_Recorded information_:
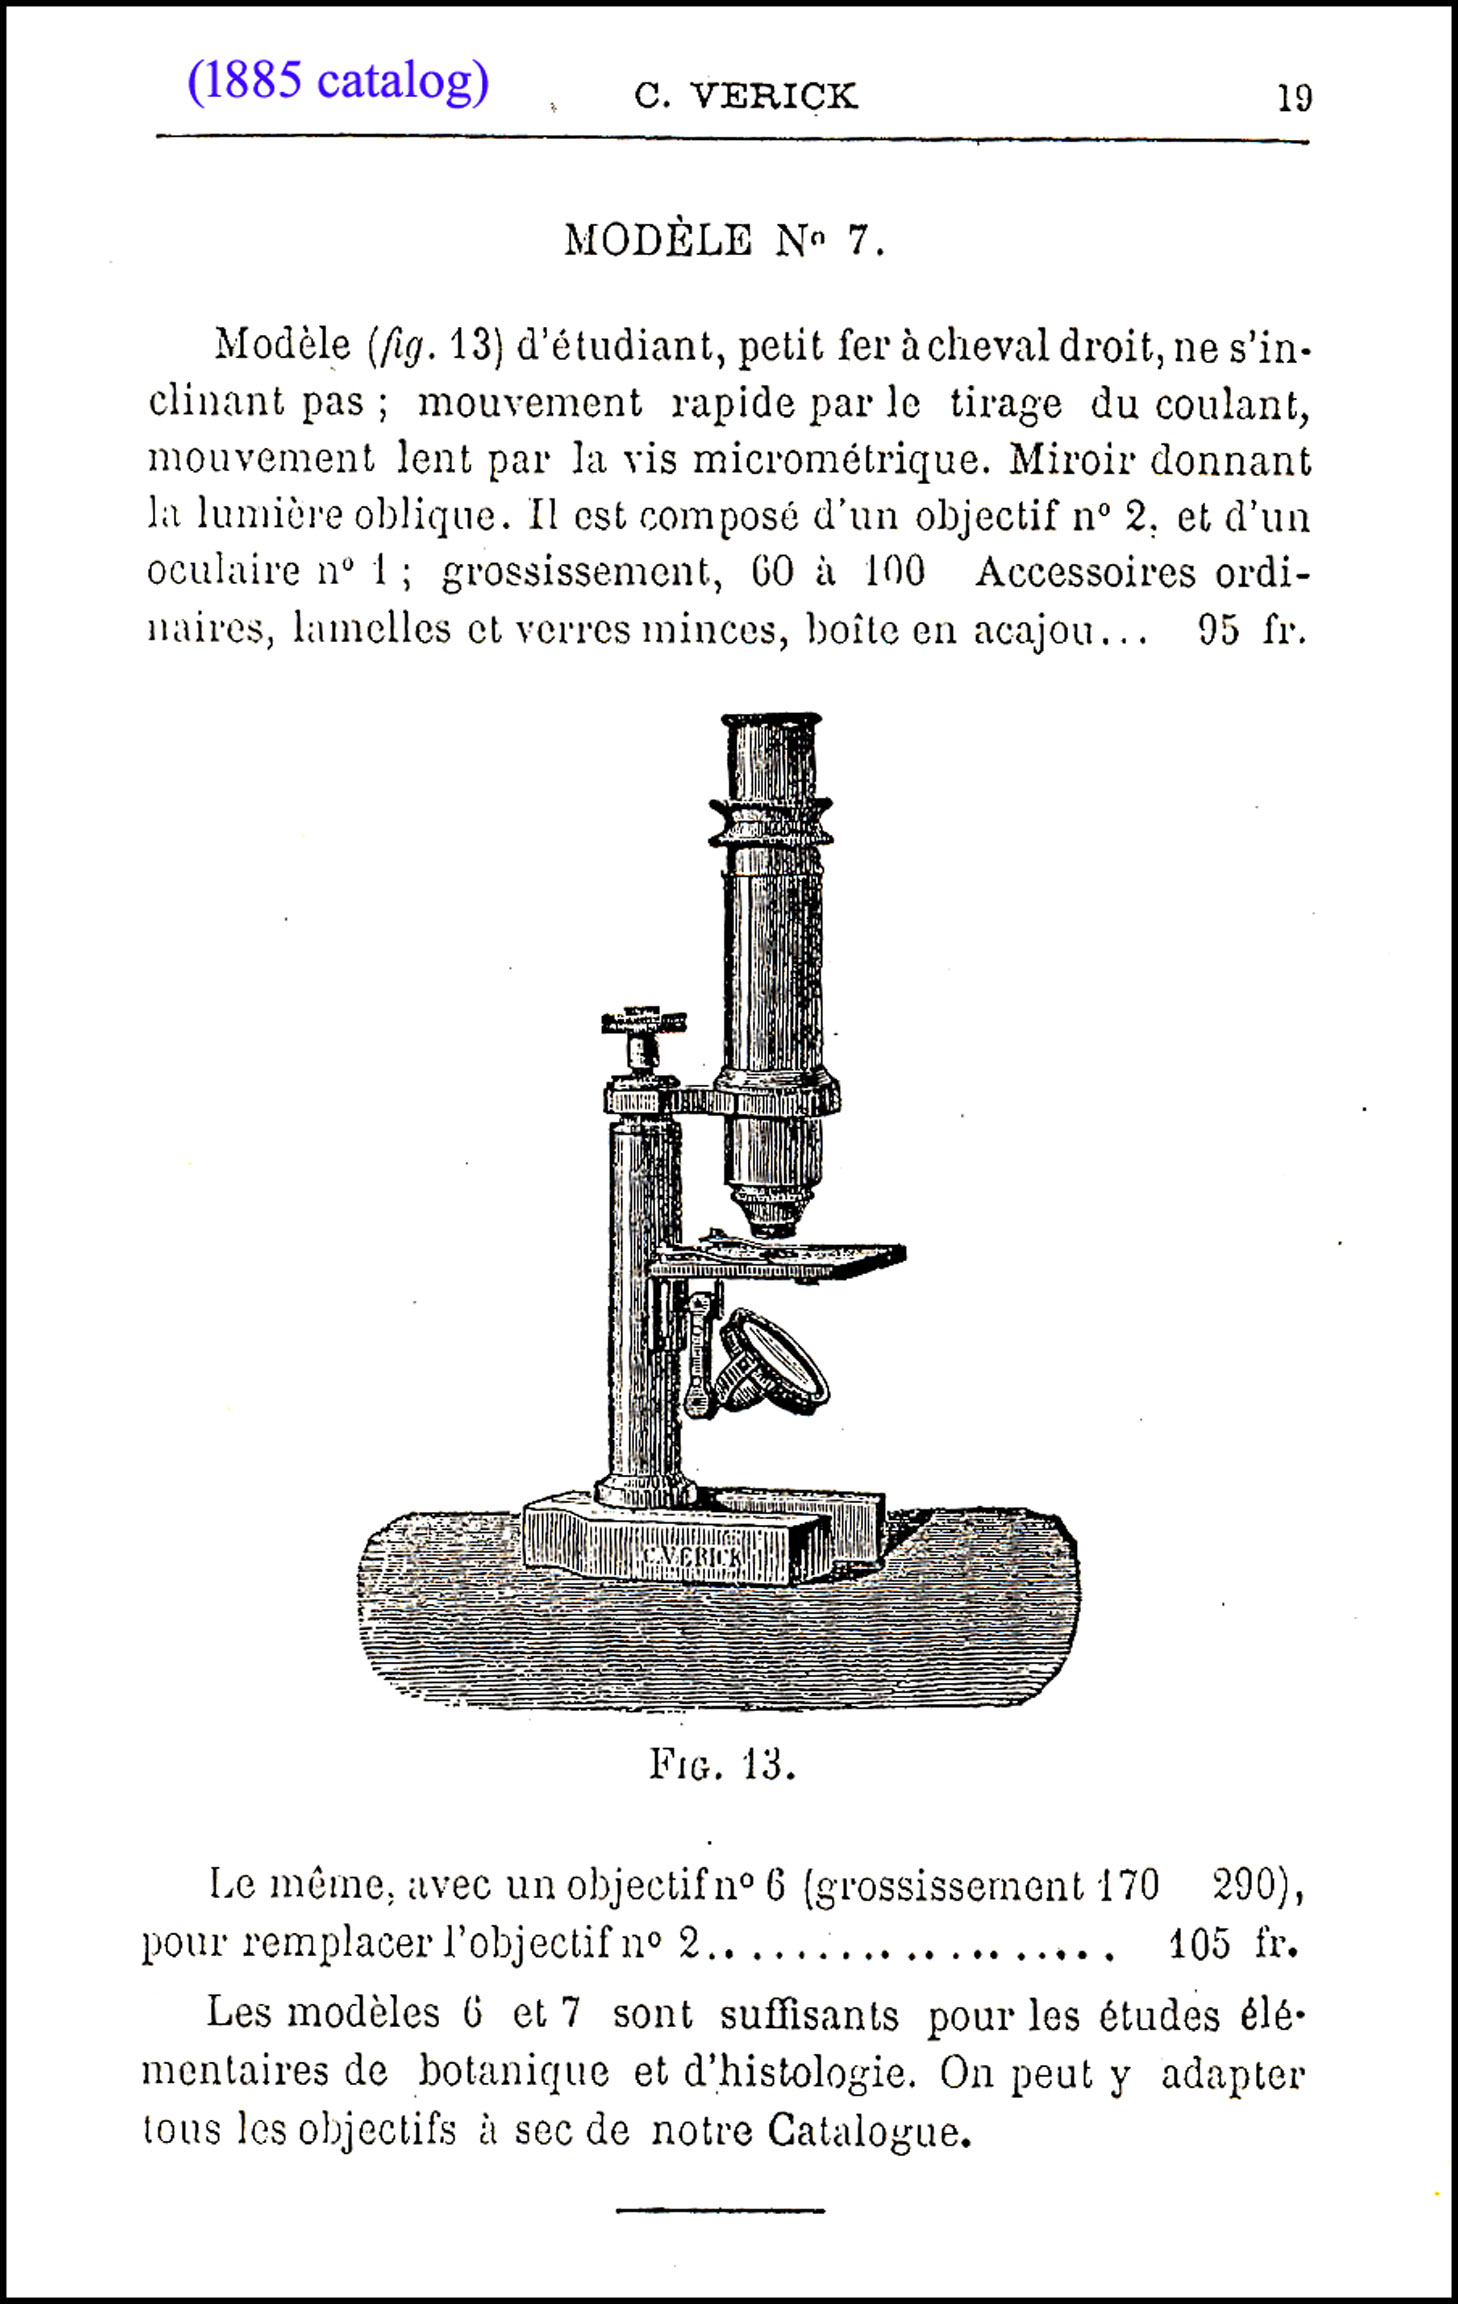 1885 Catalog entry for Verick No 7 Microscope
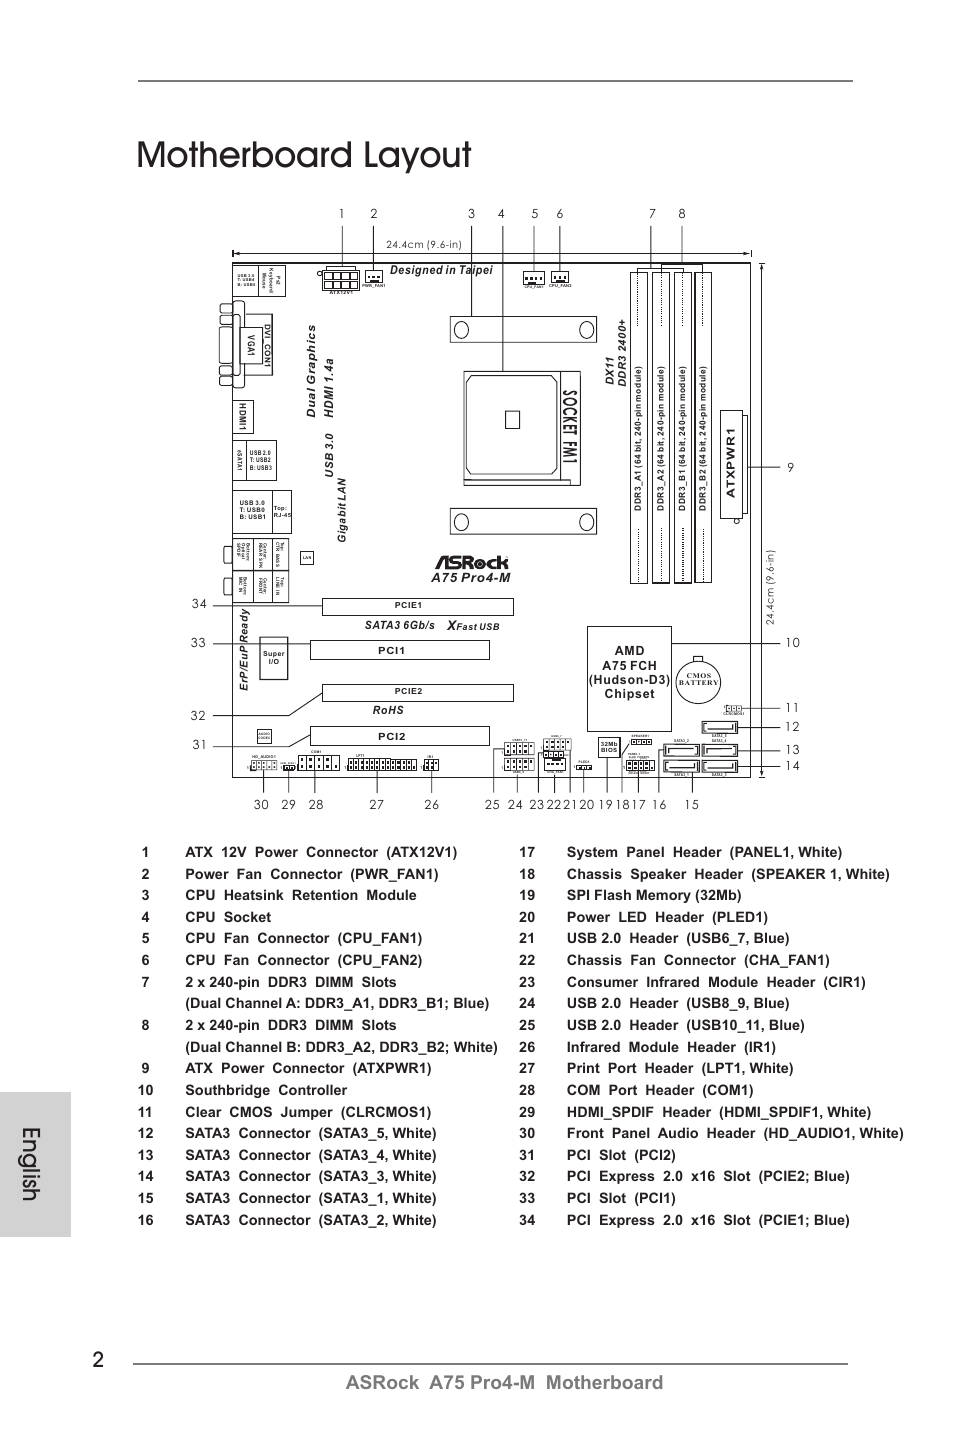 Motherboard layout, English, Asrock a75 pro4-m motherboard | ASRock A75 Pro4-M  User Manual | Page 2 / 260 | Original mode
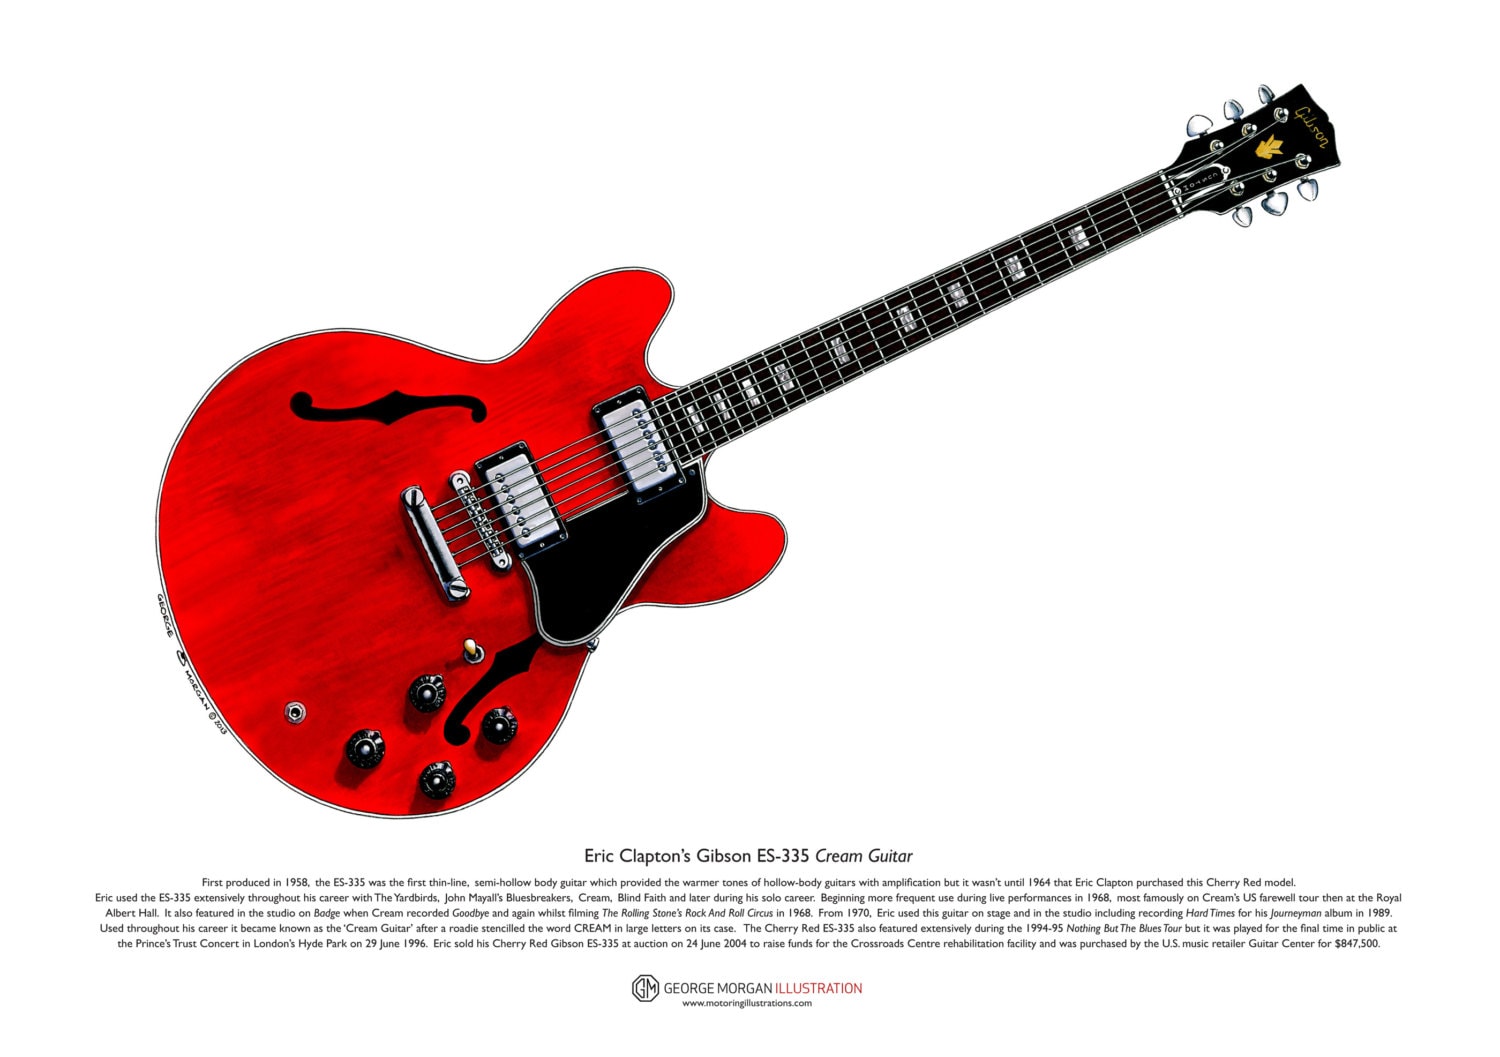 Eric Claptons Gibson ES-335 Cream Guitar ART POSTER A3 size
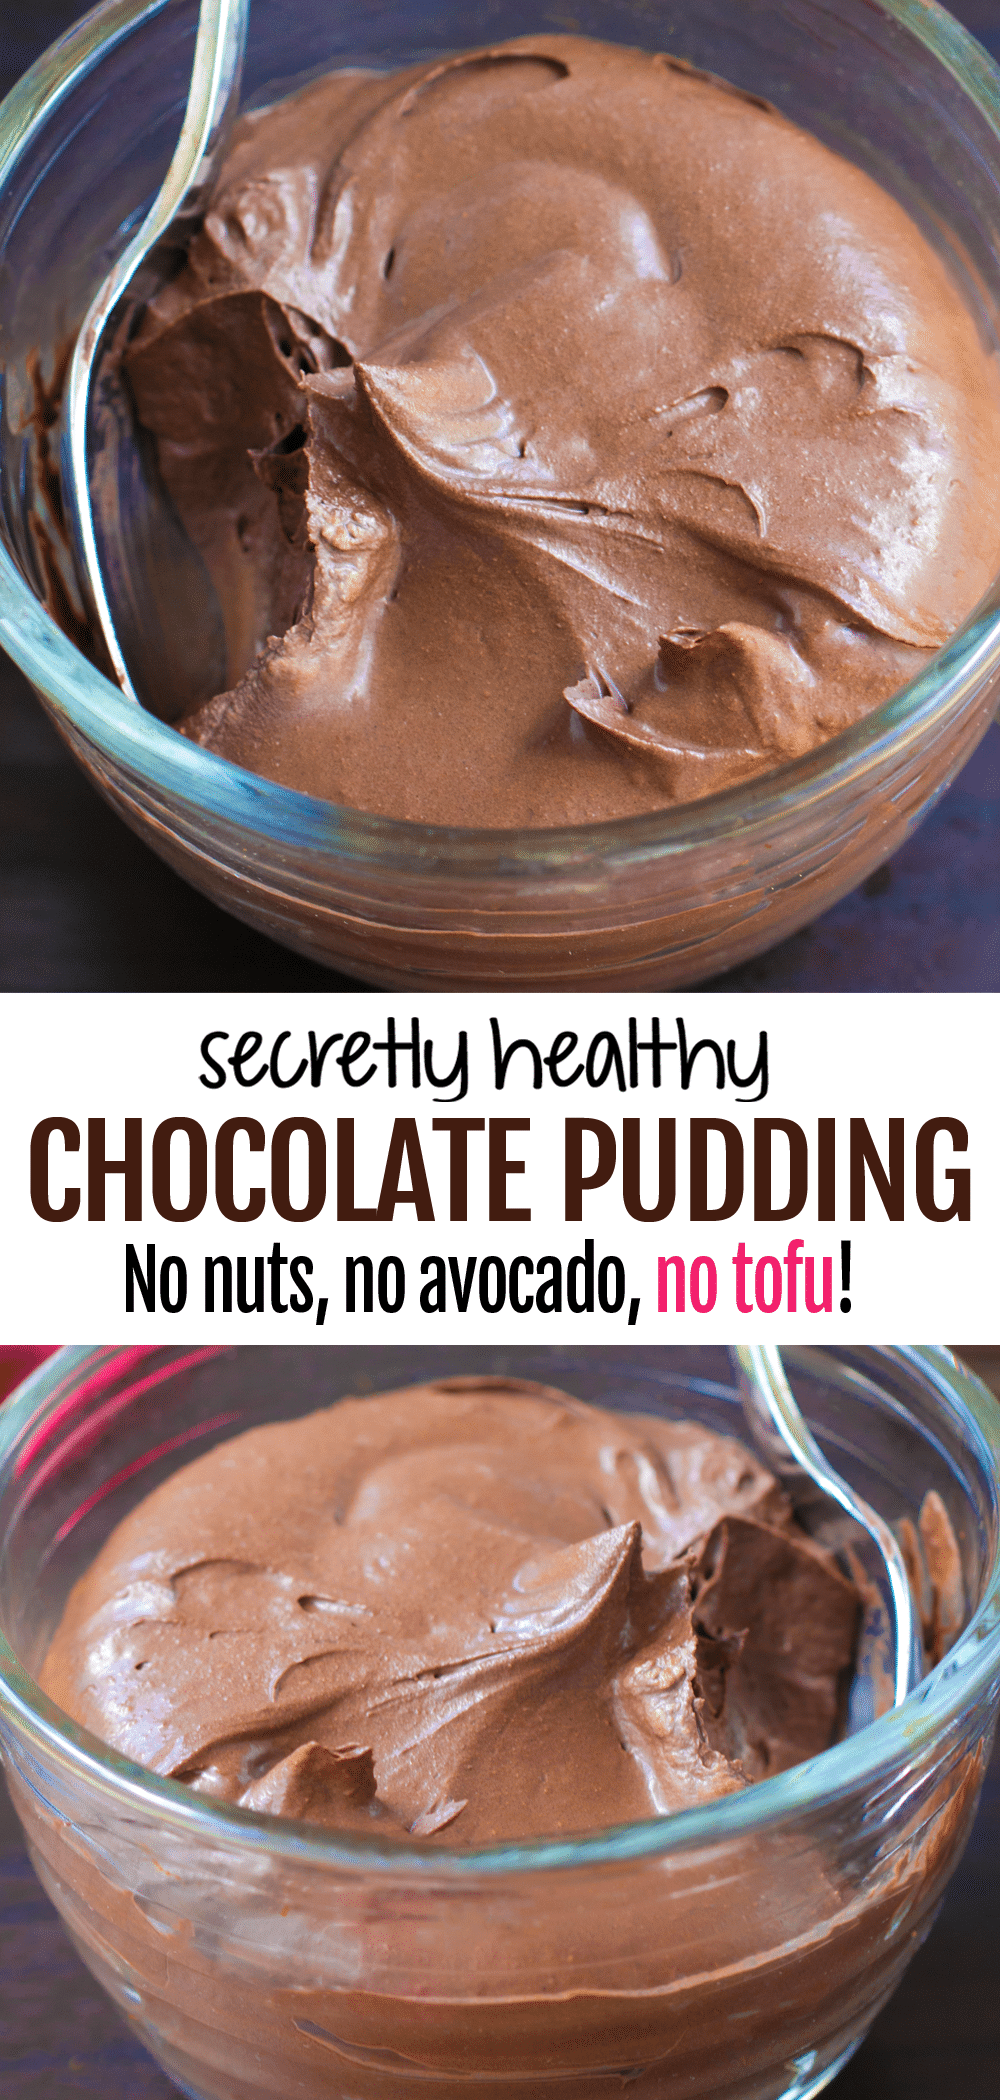 Healthy Chocolate Pudding - 6 Ingredients + NO Avocado!

_Task goal_: Print the material above exactly as it appears, but not its pictures.

_Result of this exercise_:
 1885 Catalog entry for Verick No 7 Microscope
 Motherboard layout, English, Asrock a75 pro4-m motherboard | ASRock A75 Pro4-M  User Manual | Page 2 / 260 | Original mode
 Eric Claptons Gibson ES-335 Cream Guitar ART POSTER A3 size
 Healthy Chocolate Pudding - 6 Ingredients + NO Avocado!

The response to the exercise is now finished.